We therefore proceeded to classify the various types of misclassifications, followed by a detailed analysis of the outliers.

At this stage, we relied on three pixel categories to examine each of the 500 test set images containing outliers. As previously described, we generated five confusion maps for each original image in the dataset, where the pixels were colored according to their respective classes.

We then selected the confusion maps in which the overall intersection over union (IoU) of the associated classes exceeded 0.38%. This threshold was determined by analyzing the behavior of the violin plots, placing the cutoff at the extreme tail of the distribution (beyond the whiskers). This choice did not appear to limit the analysis, since, as will be shown in Section 4.2, the violin plot distributions exhibited a bimodal pattern, and both relevant groups remained preserved after filtering.

Accordingly, we defined the threshold confusion maps as those in which at least 1000 pixels were either red or blue—i.e., where the prediction deviated significantly from the ground truth. Notably, this threshold condition aligned with selecting confusion maps where the corresponding IoU exceeded 0.38%.

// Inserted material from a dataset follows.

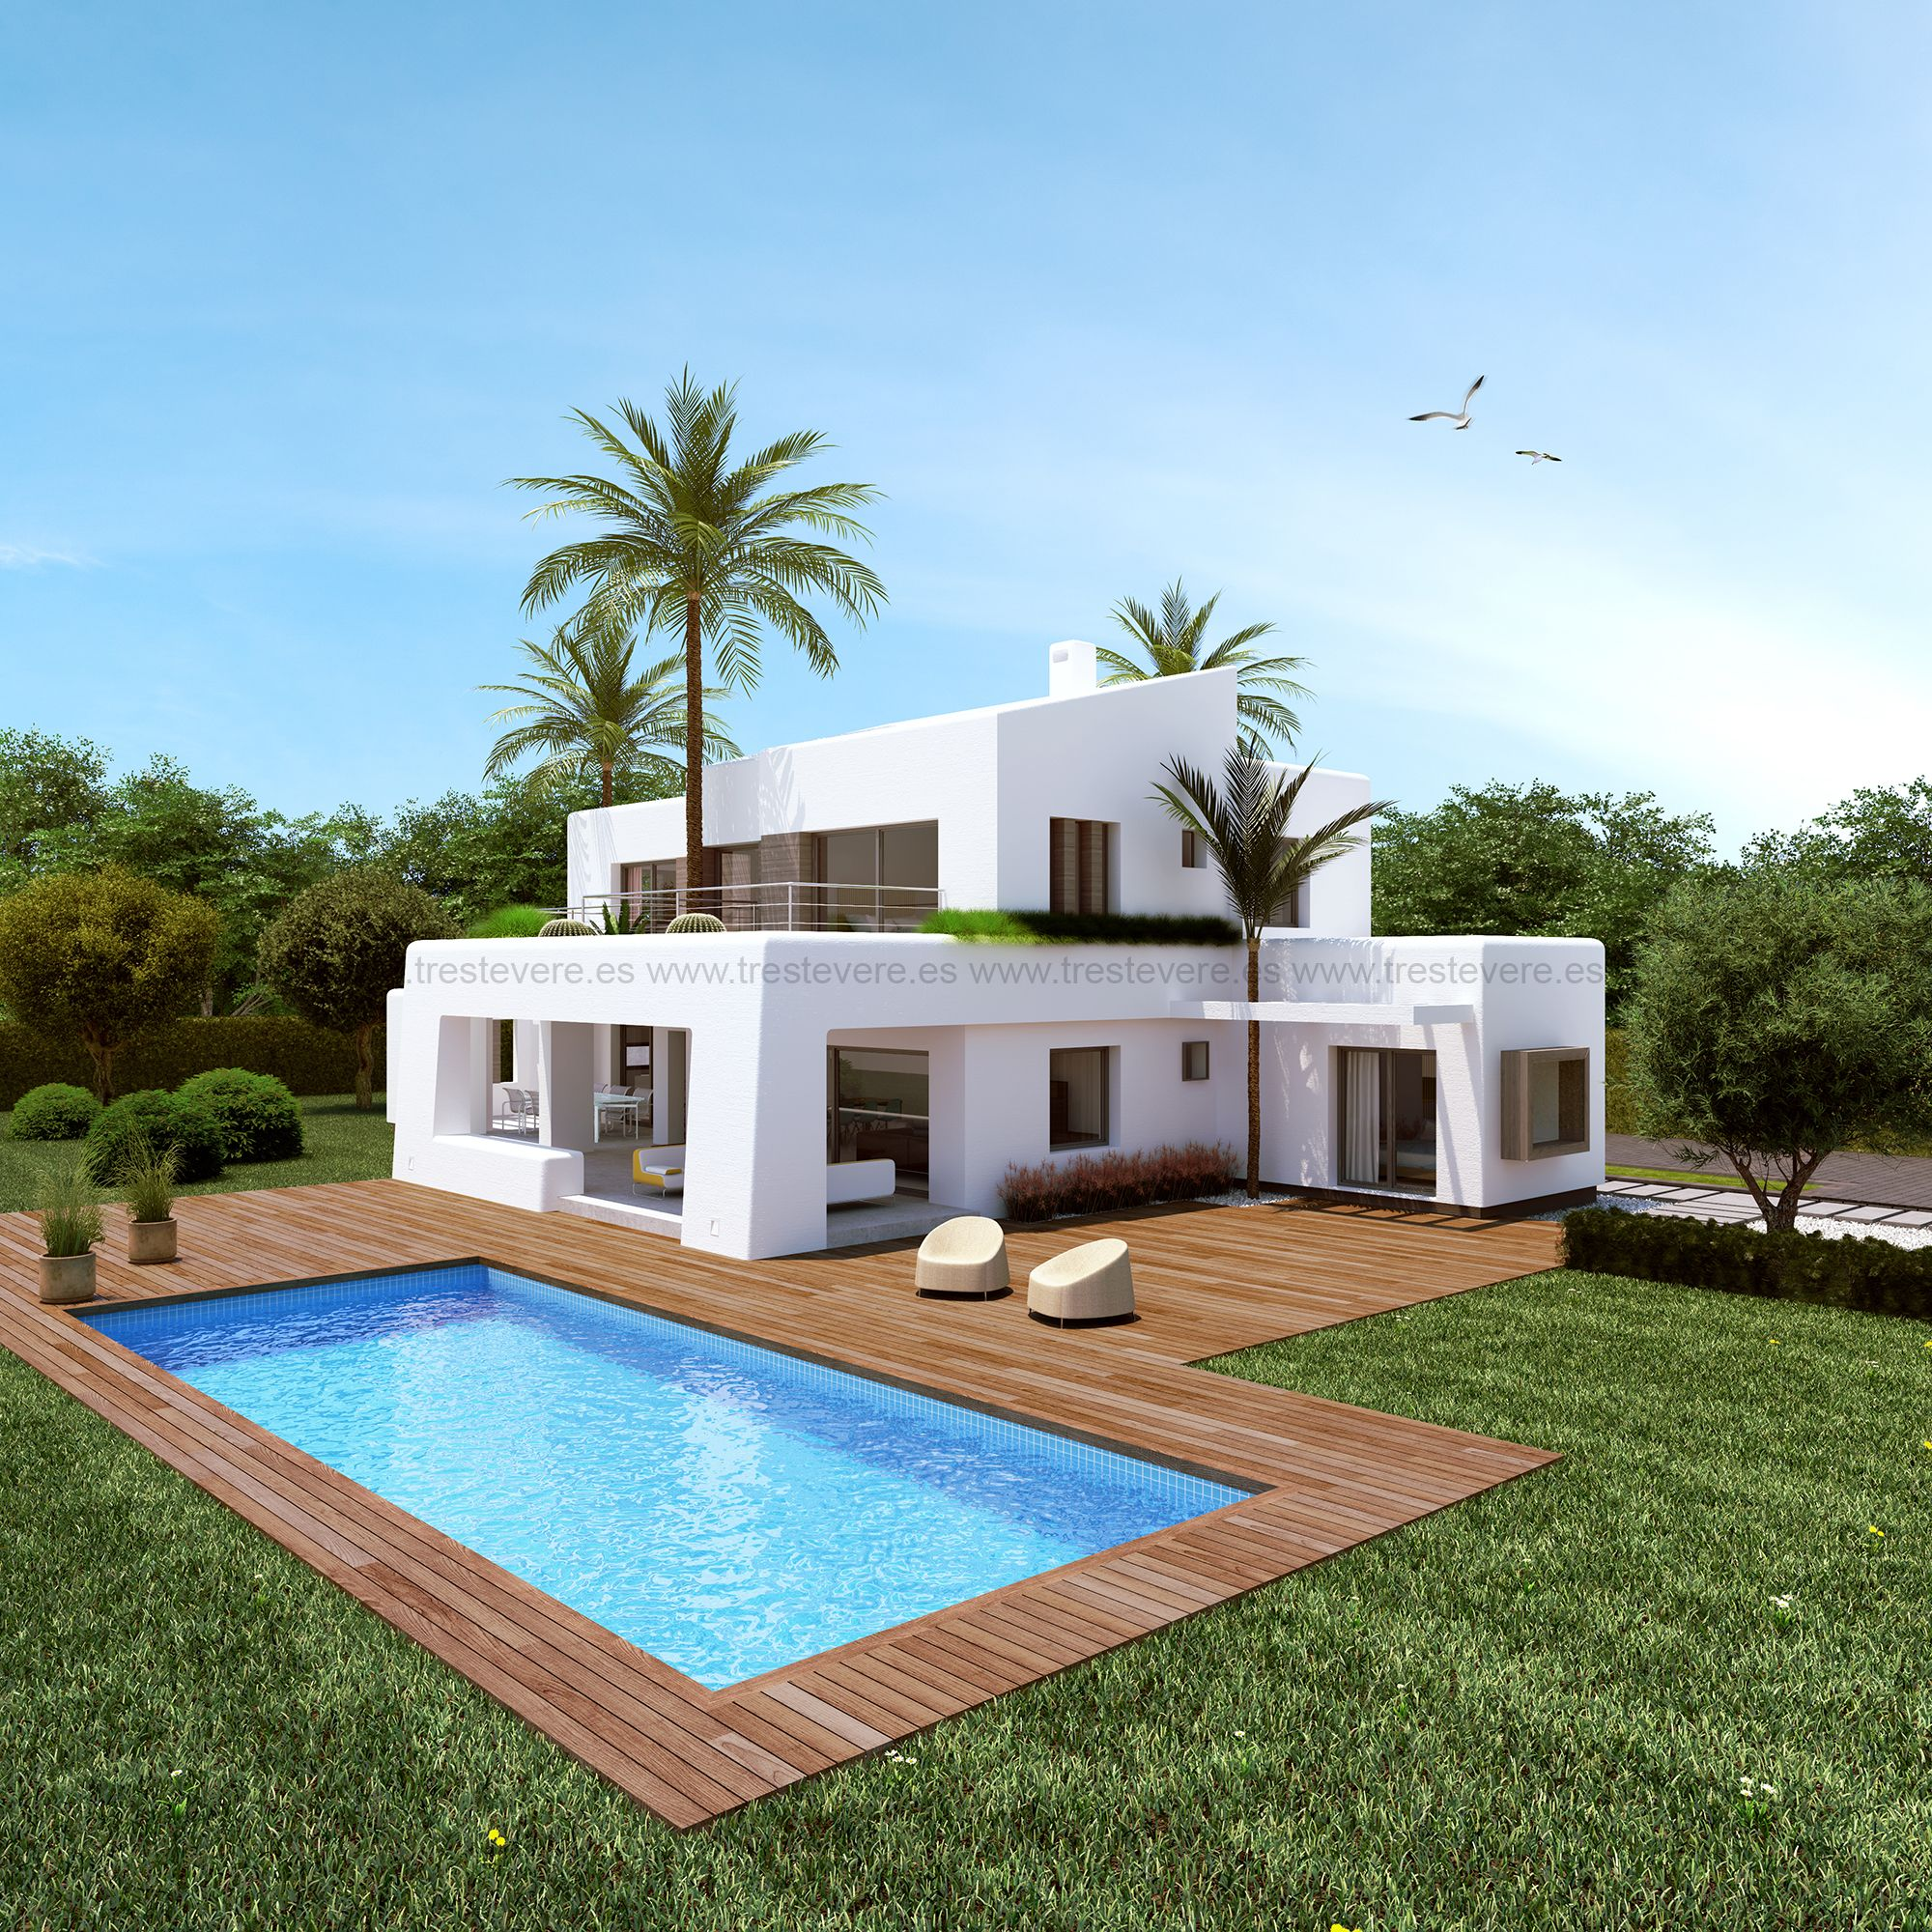 Vivienda moderna 01 casas verano pinterest viviendas for Viviendas modernas

The next step was to classify the three types of misclassifications for each selected image based on the color-coded pixel categories described in Figure 5:

Network mistakes refer to cases in which the neural network produces an incorrect prediction, while the ground truth is correct. For example, in Figure 5a a confusion map is generated with respect to the woodland class, but the neural network fails to recognize a portion of the image that should be classified as woodland, while the ground truth correctly labels it.
Ground-truth mistakes: In this case, the ground truth contains an error, while the neural network correctly classifies the content of the image. Figure 5b shows an example where the neural network correctly identifies a tree, whereas the ground truth fails to do so.
Ambiguous mistakes are cases that do not clearly fall into either of the two categories above. These occur when the original image contains visual ambiguity, making it difficult to assign responsibility for the error to either the network or the ground truth. For example, Figure 5c represents a confusion map generated with respect to the background class. The neural network classifies the shadowed area as background (in blue), whereas the ground truth does not. Whether shadows should be classified as background is itself an ambiguous matter. Similarly, red pixels indicate uncertainty between background and woodland where the boundary of tree coverage is unclear.

The use of violin plots to examine the lower tail of the IoU distribution across the dataset supported the choice of the 0.38% threshold. This cutoff captured only the samples with the lowest IoU values, corresponding to the region beyond the whiskers. Although heuristic, this approach provided a consistent and conservative definition of outliers. The rationale behind the choice of the 1000-pixel threshold (approximately 0.38% IoU) is discussed in detail in Appendix A.

4. Experiments

4.1. Experimental Setup

The performance of fifteen distinct neural networks was evaluated using semantic segmentation techniques. In the first phase, these models were assessed based on performance metrics such as recall, accuracy, and intersection over union (IoU), following a training period of approximately 11 h per model. For training, we did not use pretrained weights; instead, all models were initialized with random weights. This decision ensured uniform experimental conditions and isolated the effect of network architecture. Although pretrained weights are commonly employed in transfer learning, we deliberately excluded them due to the potential domain mismatch of the aerial and agricultural imagery in the LandCover.ai dataset. A comparative analysis of pretrained versus non-pretrained models is presented in Appendix B.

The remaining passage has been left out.